This group of four brick houses with two bays two and a half stories, Nos. 912-914 1/2, were built, designed, and owned by B.H. Warner & Co. as a speculative project in 1887. The houses have molded brick arches over the windows and a dentilled brick cornice runs the length of the houses.

The original house at No. 912 had a wood paneled front door and lights and a transom above topped by a brick segmented arch. The windows were 6/6 double-hung with wood frames and shutters. In 1988 a permit was requested from HPRB to add an addition to the rear of the house. It is slightly taller than its neighbors to the south because the first floor is raised 1/2 story from the ground. It also has a structure on the roof that replaced a pre-existing less attractive structure.

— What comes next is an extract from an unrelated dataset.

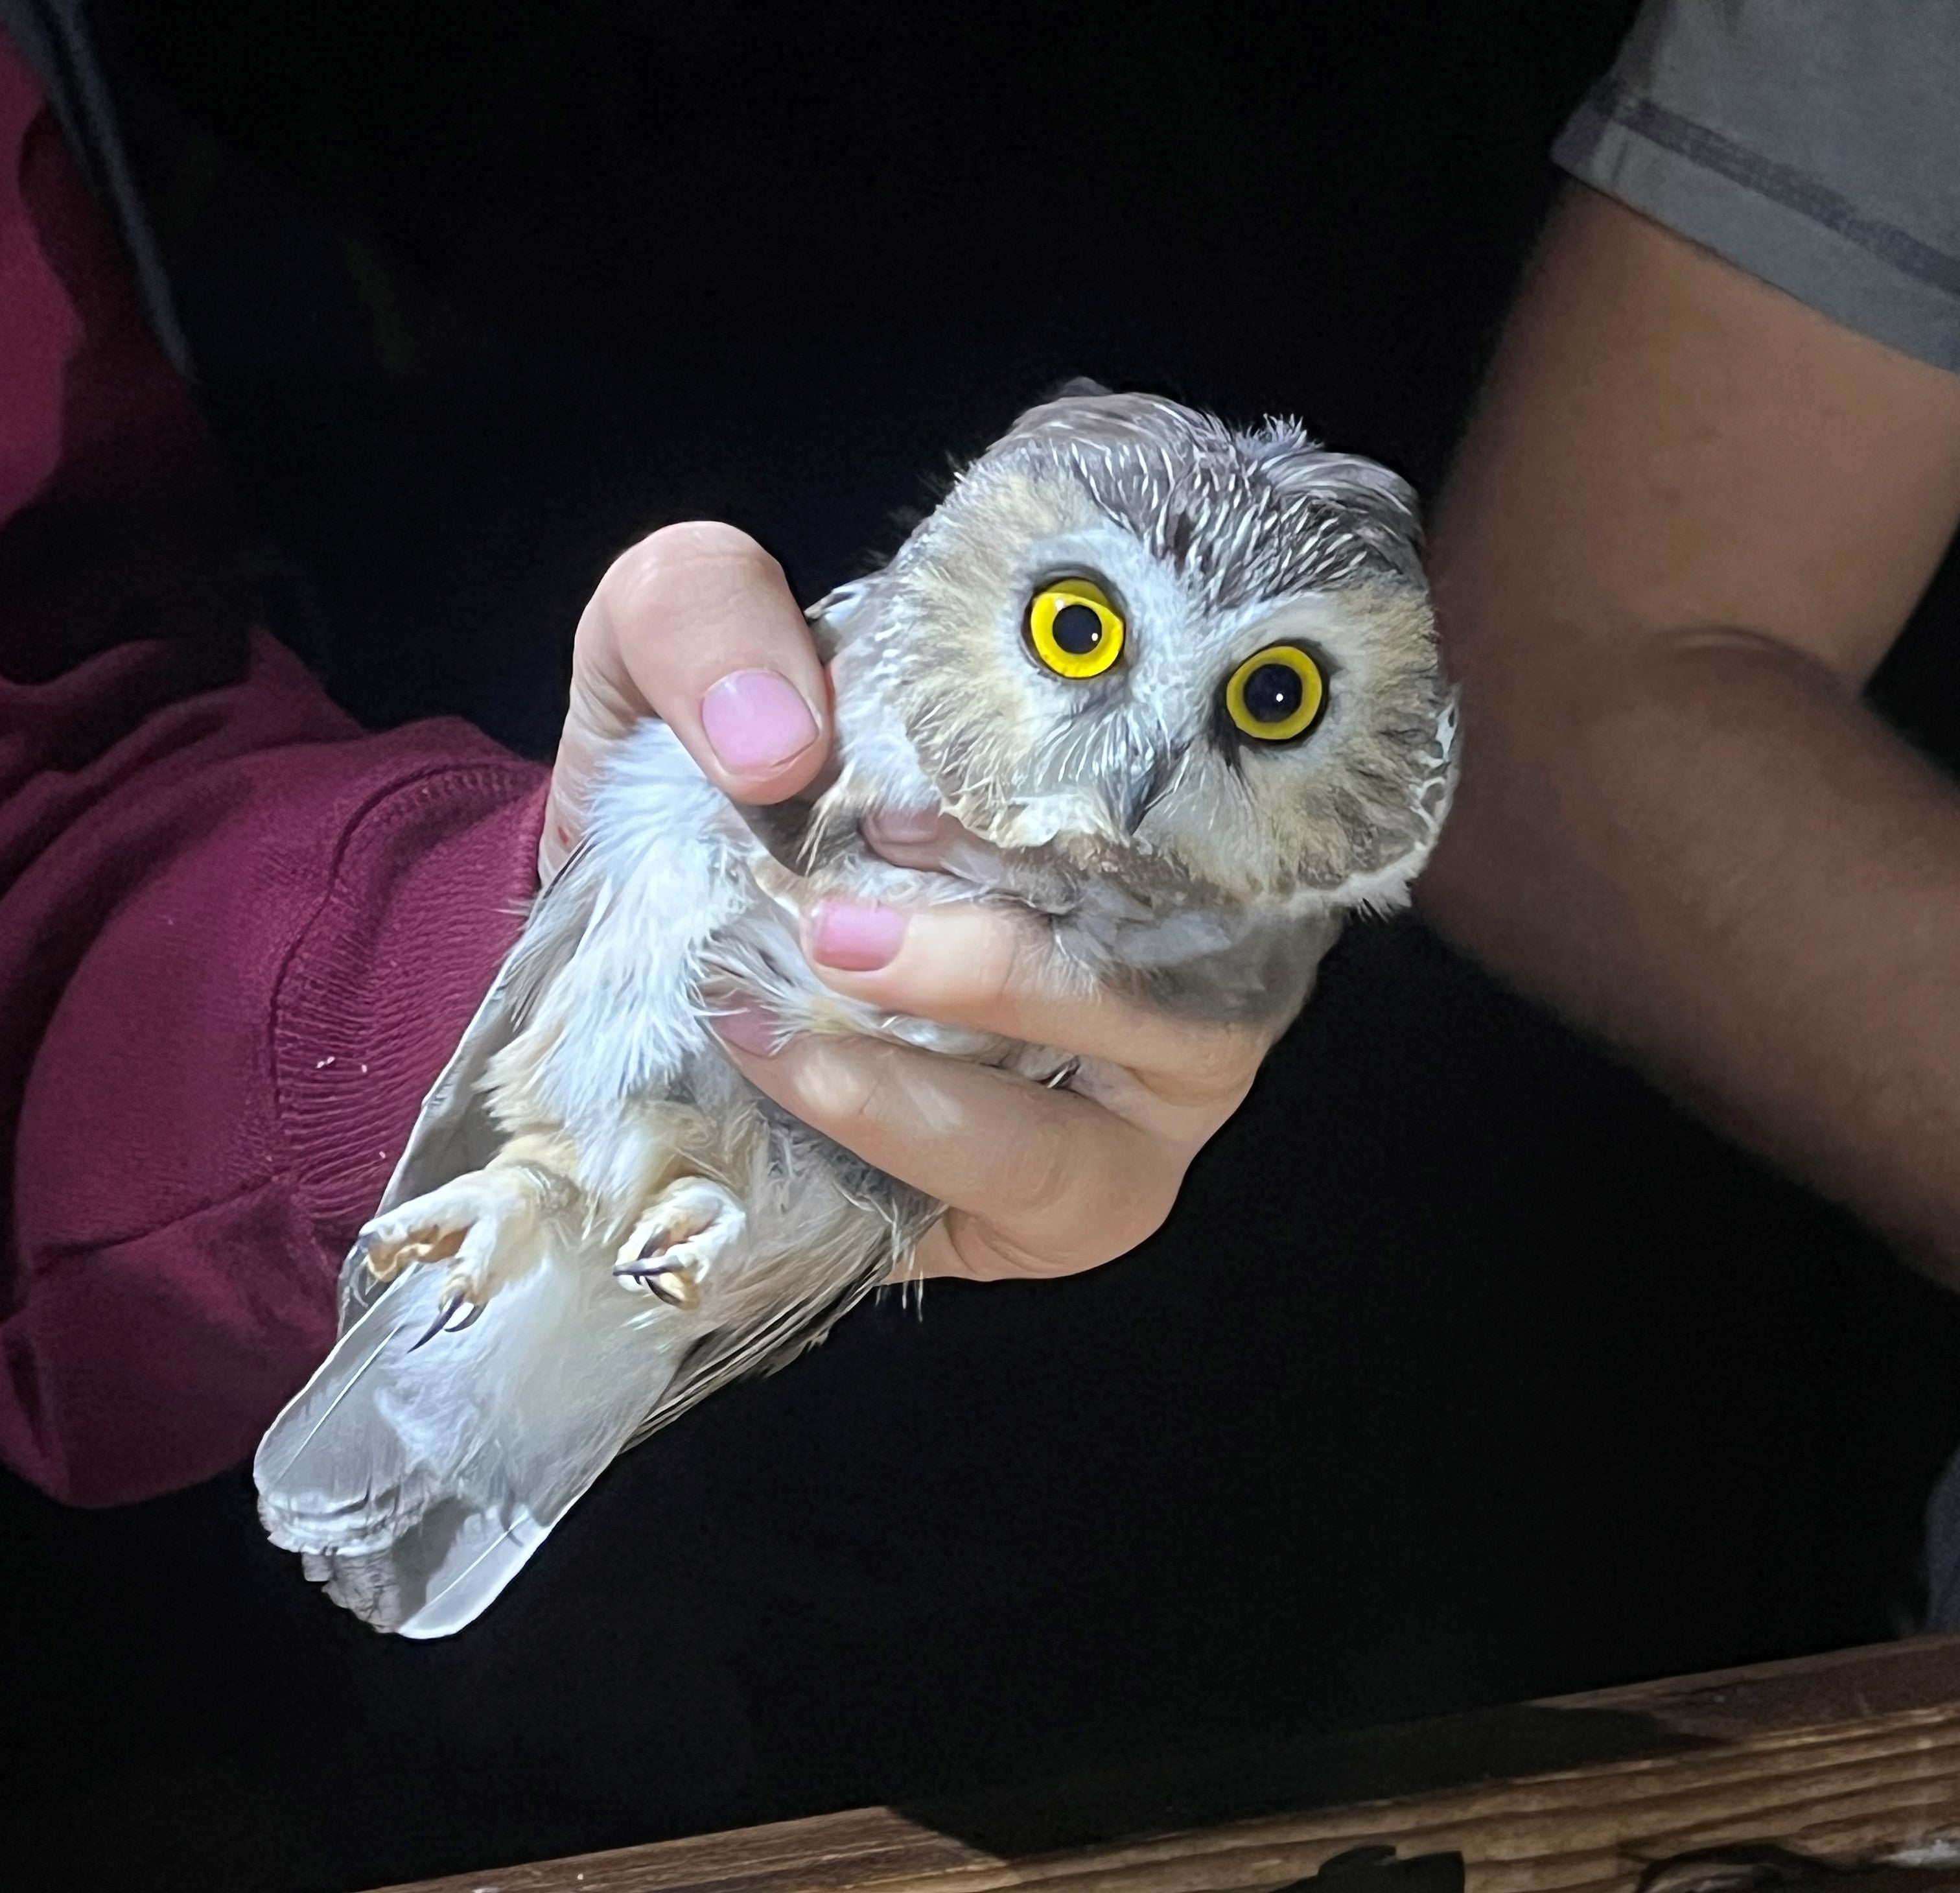 a northern saw-whet owl being held gently by a person wearing wearing a maroon sweatshirt. The owl's huge yellow eyes look toward the camera and you can see its two small, soft feathered feet with sharp talons

Dr. Joseph Giordano, who treated President Ronald Reagan at GWUH after his 1981 assassination attempt.
Suzanne Foss
Gaines and Brigitte Mimms


The story of our home: Brigitte and I were in DC to visit our son Remy who was a student a George Washington University. We were at a period in our lives when we where thinking of buying a second home - DC vs. NYC. I am originally from New York and very comfortable in the city. Brigitte and I had lived in Manhattan for five years when we were young. Brigitte always felt that DC was more like Bruxelles in that the buildings are not tall, there are many parks, and a large international community.
In any case, we were wandering around Foggy Bottom when we saw an open house sign. The owner was charming, Suzanne Foss. She was a real estate agent and her husband was with the World Bank. So we bought a house without really thinking much about it.

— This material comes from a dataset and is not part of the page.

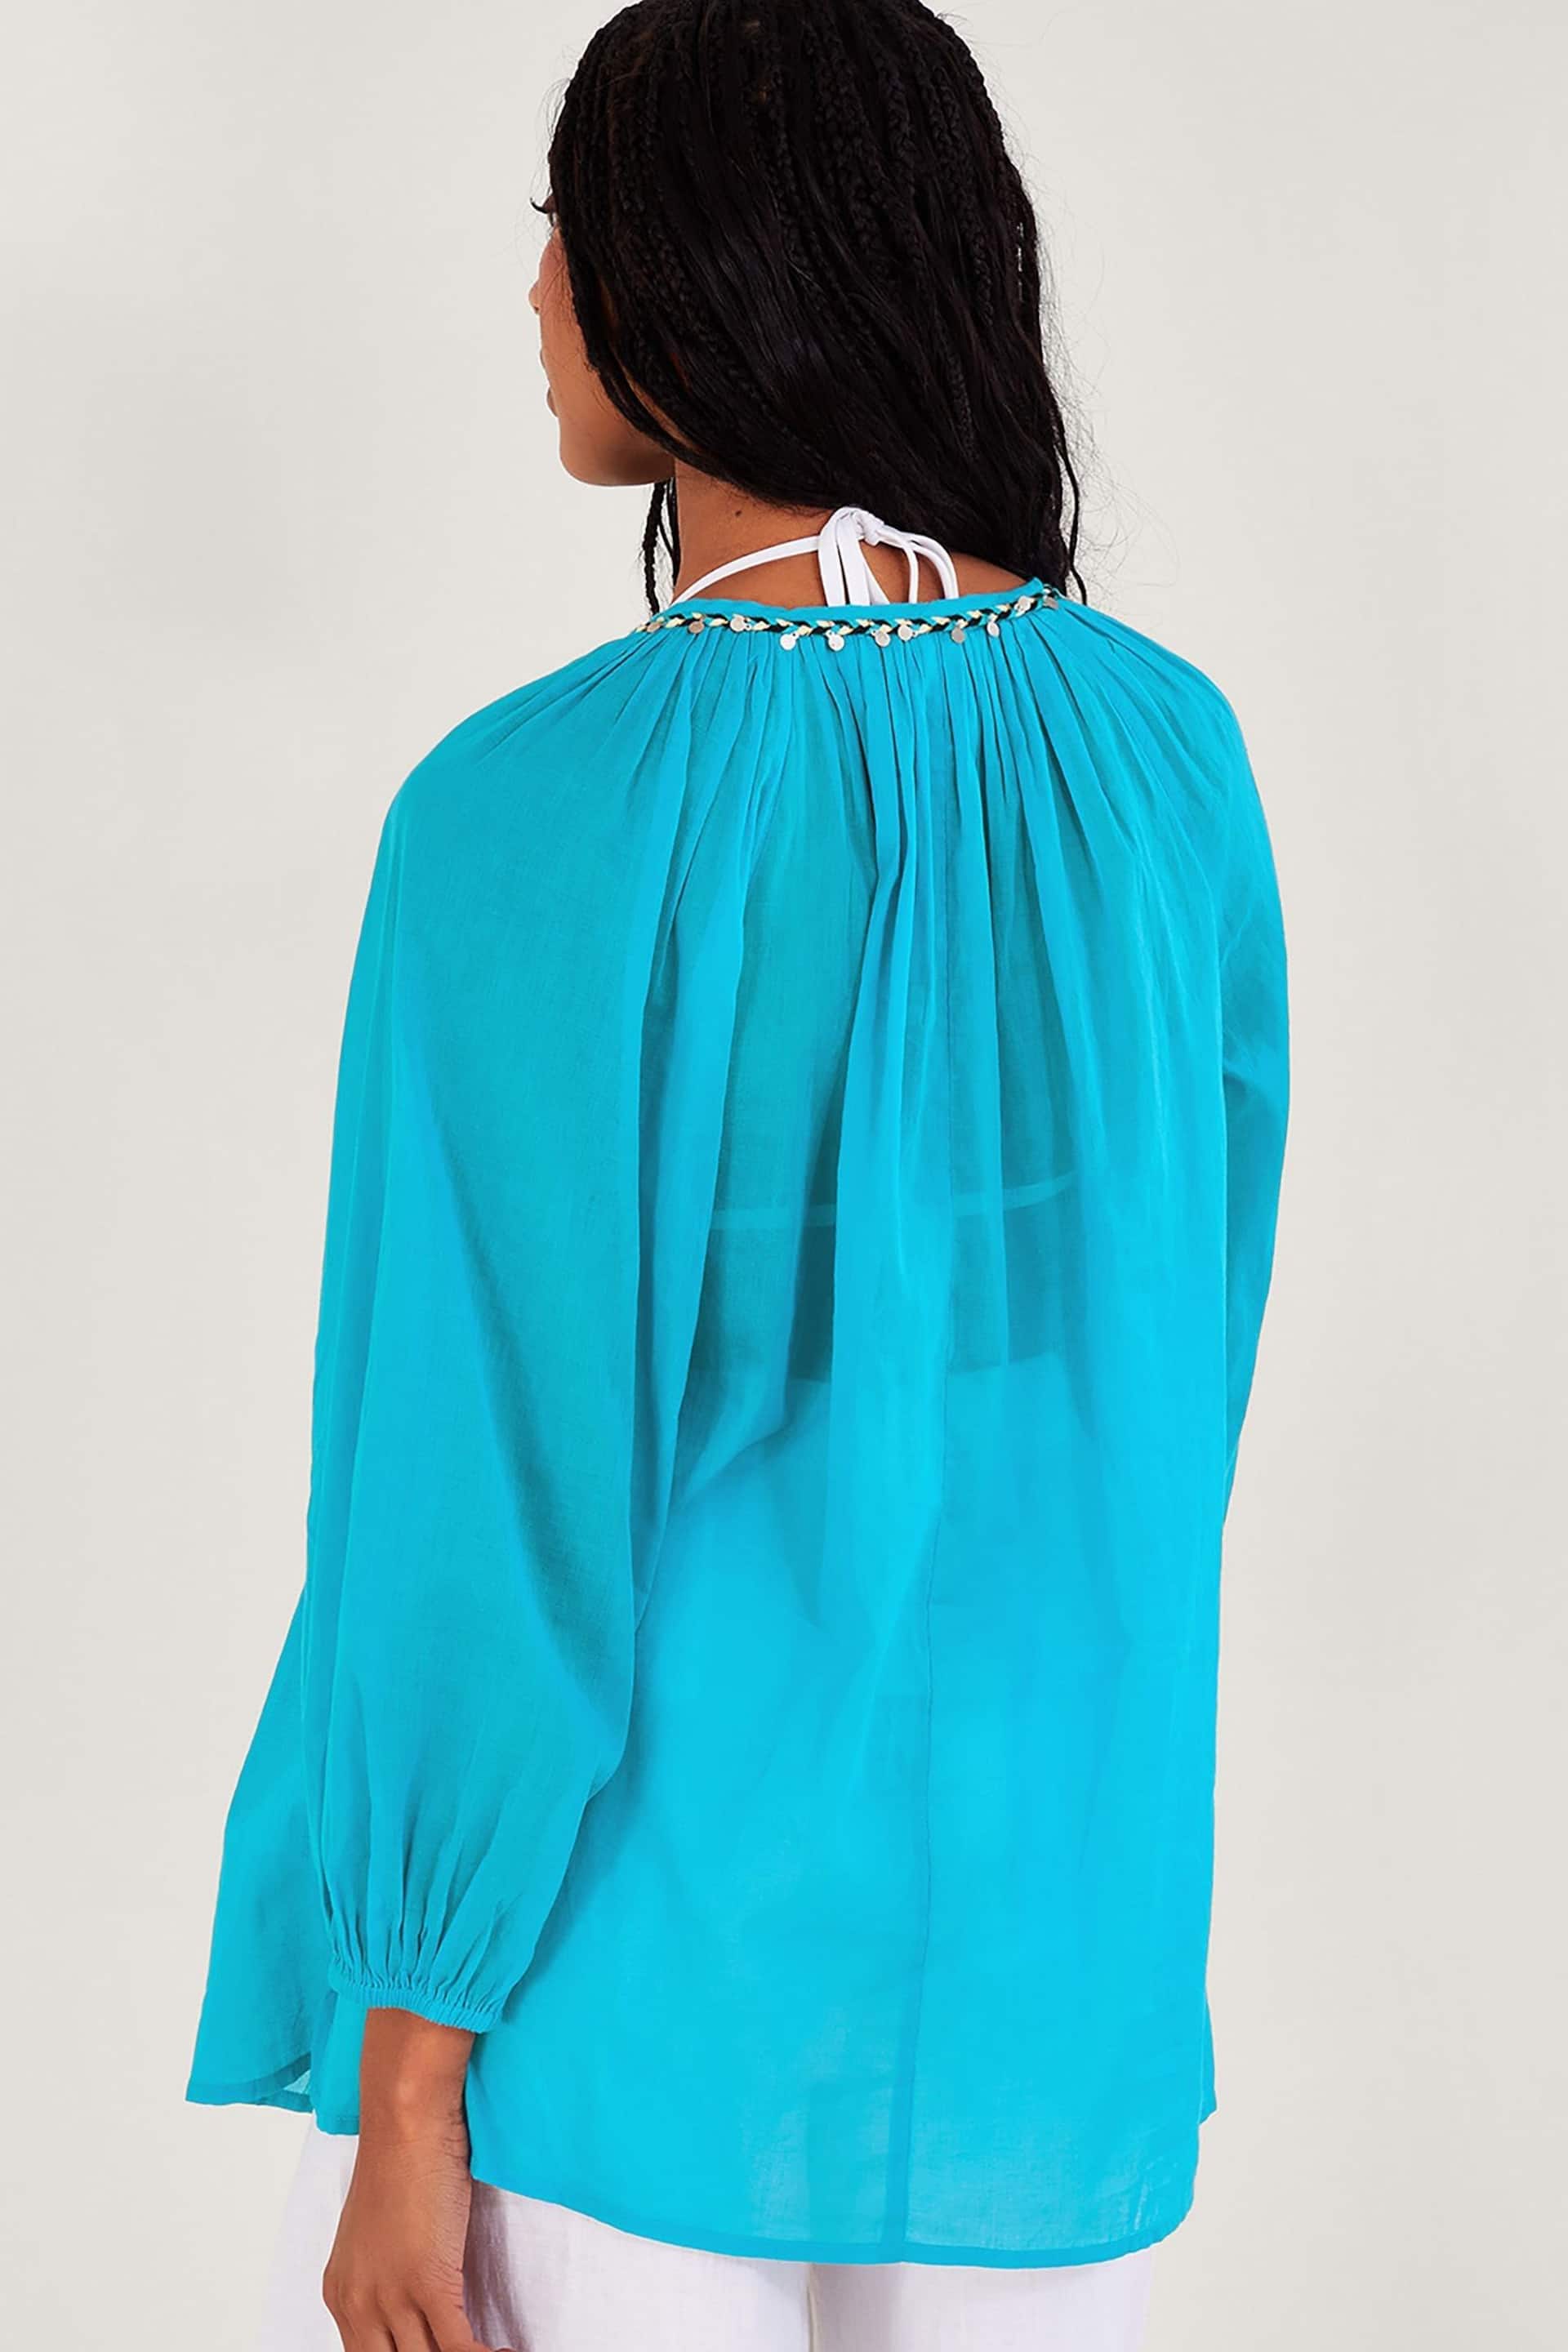 Monsoon Blue Amy Tie Neck Top - Image 2 of 4

The story that attracted me also, besides Suzanne being charming, was the fact the home had been owned by the surgeon who took care of President Reagan at the time of the assassination attempt. The President had been taken to GW Hospital. Apparently the surgeon had bought our home and was responsible for adding the third floor. This occurred prior to the neighborhood becoming being protected by historical preservation. I was very attracted to the story of the doctor as well as the idea that there was a third floor, however it had a gabled roof and low ceiling. My daughter’s obstetrician (former chairman of the department) confirmed the story of the surgeon. We did not do any renovations to the home before 2012 as our children ended up living in the home, which was not the original plan. (Excerpt from email, G. Mimms, 2021)

Source Material 

FBA History Project, Foggy Bottom Historic District Walking Tour, "The Historic District's Longest Row."

EHT Traceries Photo Nov 1983

The sidewalk view with brick entry and patio area. (D. Vogt, May 2022)

A streetscape view of 25th St. (EHT Traceries, Nov 1983)

The facade of house in 2006. (G. Mimms collection, 2021)

The roof addition and skylight in 2006. (G. Mimms collection, 2021)

The kitchen facing 25th St in 2006. (G. Mimms collection, 2021)

900-912 I St houses with spring gardens (early 2000s) (Ellie Becker Collection, DC Hist Cent)

900-912 1/2 25th St House facades and gardens (prior to 2005) (Ellie Becker Collection, DC Hist Cent)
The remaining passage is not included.